Keywords: Periprosthetic femoral fractures, Transverse, Short oblique, Non-union, Failure
Introduction
Periprosthetic femoral fractures (PFFs) around total hip arthroplasties (THAs) are increasing in incidence at a rate of 13% per year [[1], [2], [3]]. Their management is challenging and is associated with significant patient morbidity and mortality [4,5]. The surgical management of PFFs is guided by the Unified Classification System (UCS) [6], an expansion of the Vancouver classification, and typically involves fracture fixation when stems are well fixed (B1), and revision arthroplasty where the fracture has rendered the femoral stem loose (B2/B3) [7,8].
The most commonly implanted stem in the United Kingdom is the Exeter V40 (Stryker, Mahwah, NJ).

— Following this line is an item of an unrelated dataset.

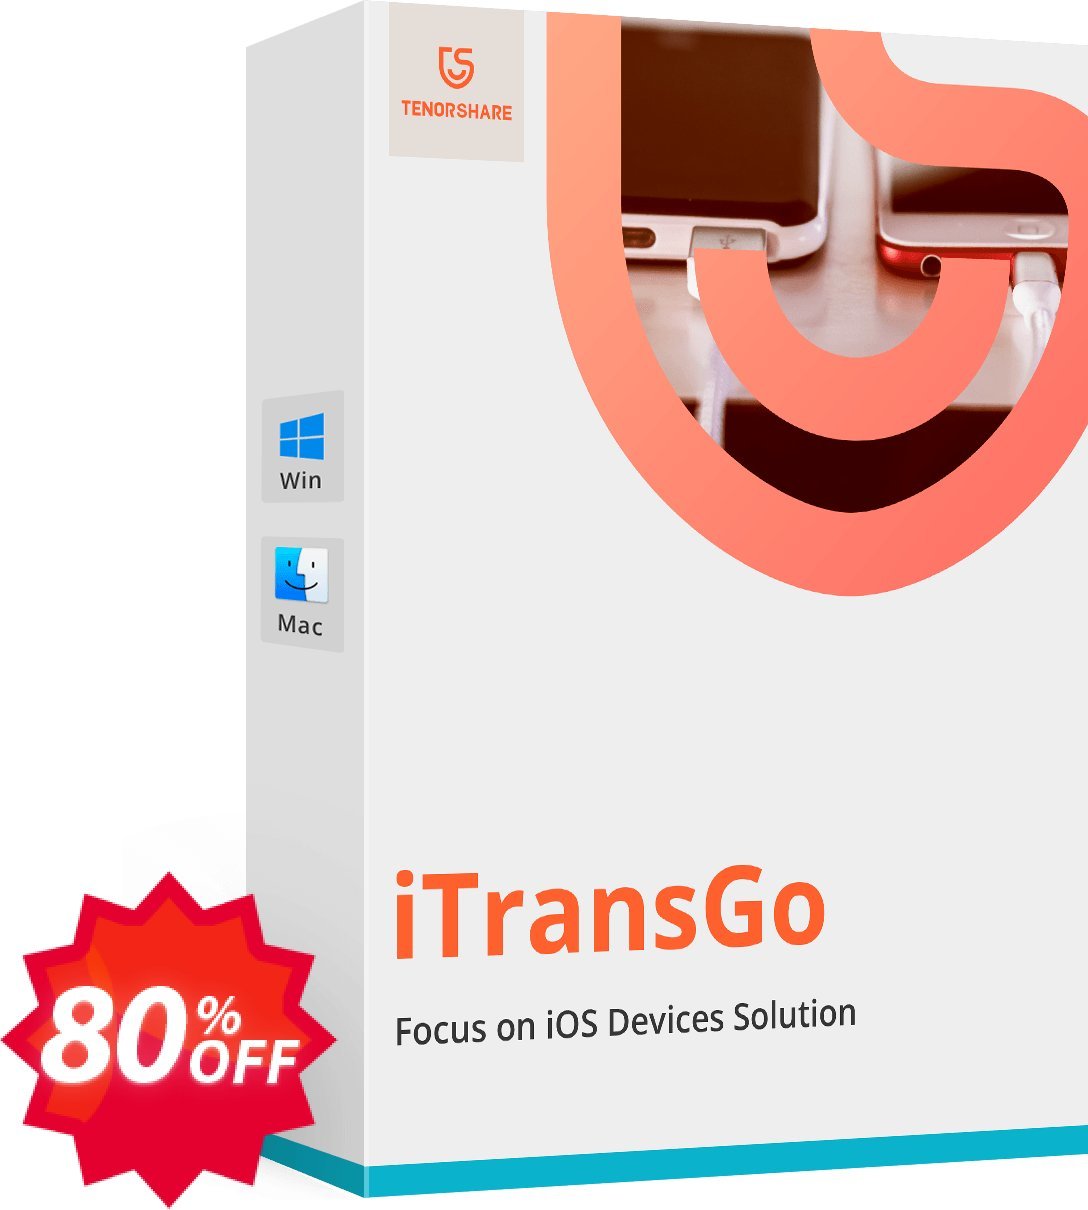 Tenorshare iTransGo, Yearly Plan  Coupon code 80% discount 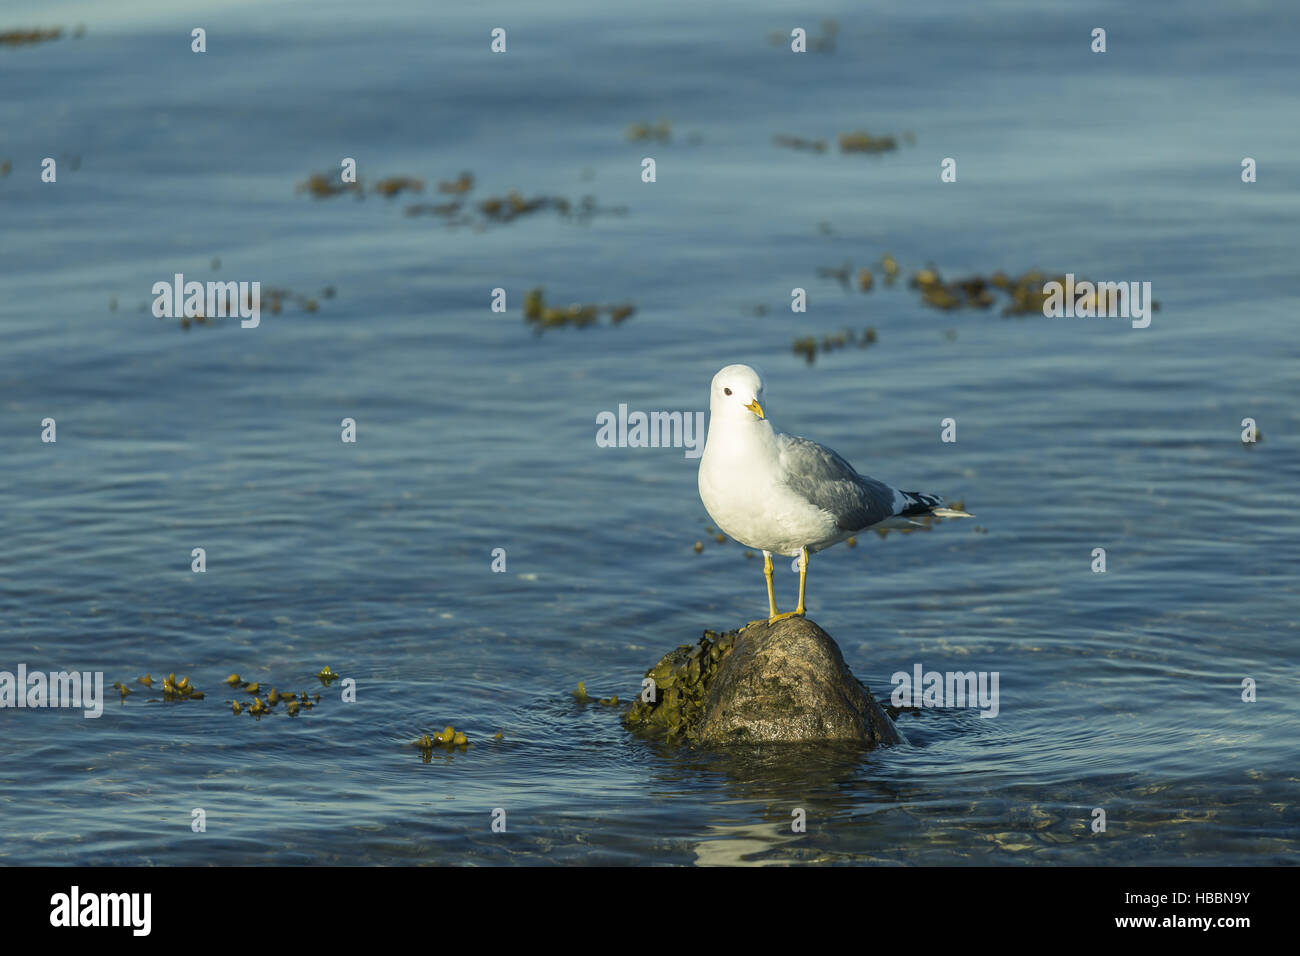 A seagull standing on a stone Stock Photo

Despite excellent all-cause survival [9,10], polished tapered slip (PTS) stem designs have a higher risk of PFFs than composite beam stem designs [[11], [12], [13], [14]]. The most common fracture type around PTS stems are B2 fractures of a long spiral pattern [15], and recent evidence has suggested that provided these fractures can be anatomically reduced, fixation is associated with lower morbidity and reoperations rates than revision surgery [16]. Long-term follow-up of type B fractures around PTS stems treated with fixation has demonstrated that compared to B2 fractures treated with fixation, fixation failure requiring reoperation is highest among B1 fractures [17]. This may reflect that B1 fractures include fracture patterns associated with longer union times and risk of non-union, such as transverse or short oblique fractures (clinical radiographs of these fracture patterns presented in Figure 1, Figure 2) where there is potentially less surface area for bone healing [17,18].
Figure 1.
Transverse B1 fracture, treated with a single plate go on to non-union and conversion to uncemented fluted tapered stem (a Link MP).
Figure 2.
(a) Clinical radiographs of B1 transverse fracture treated with ORIF cables plate and strut graft. (b) Clinical radiographs of B1 spiral fracture.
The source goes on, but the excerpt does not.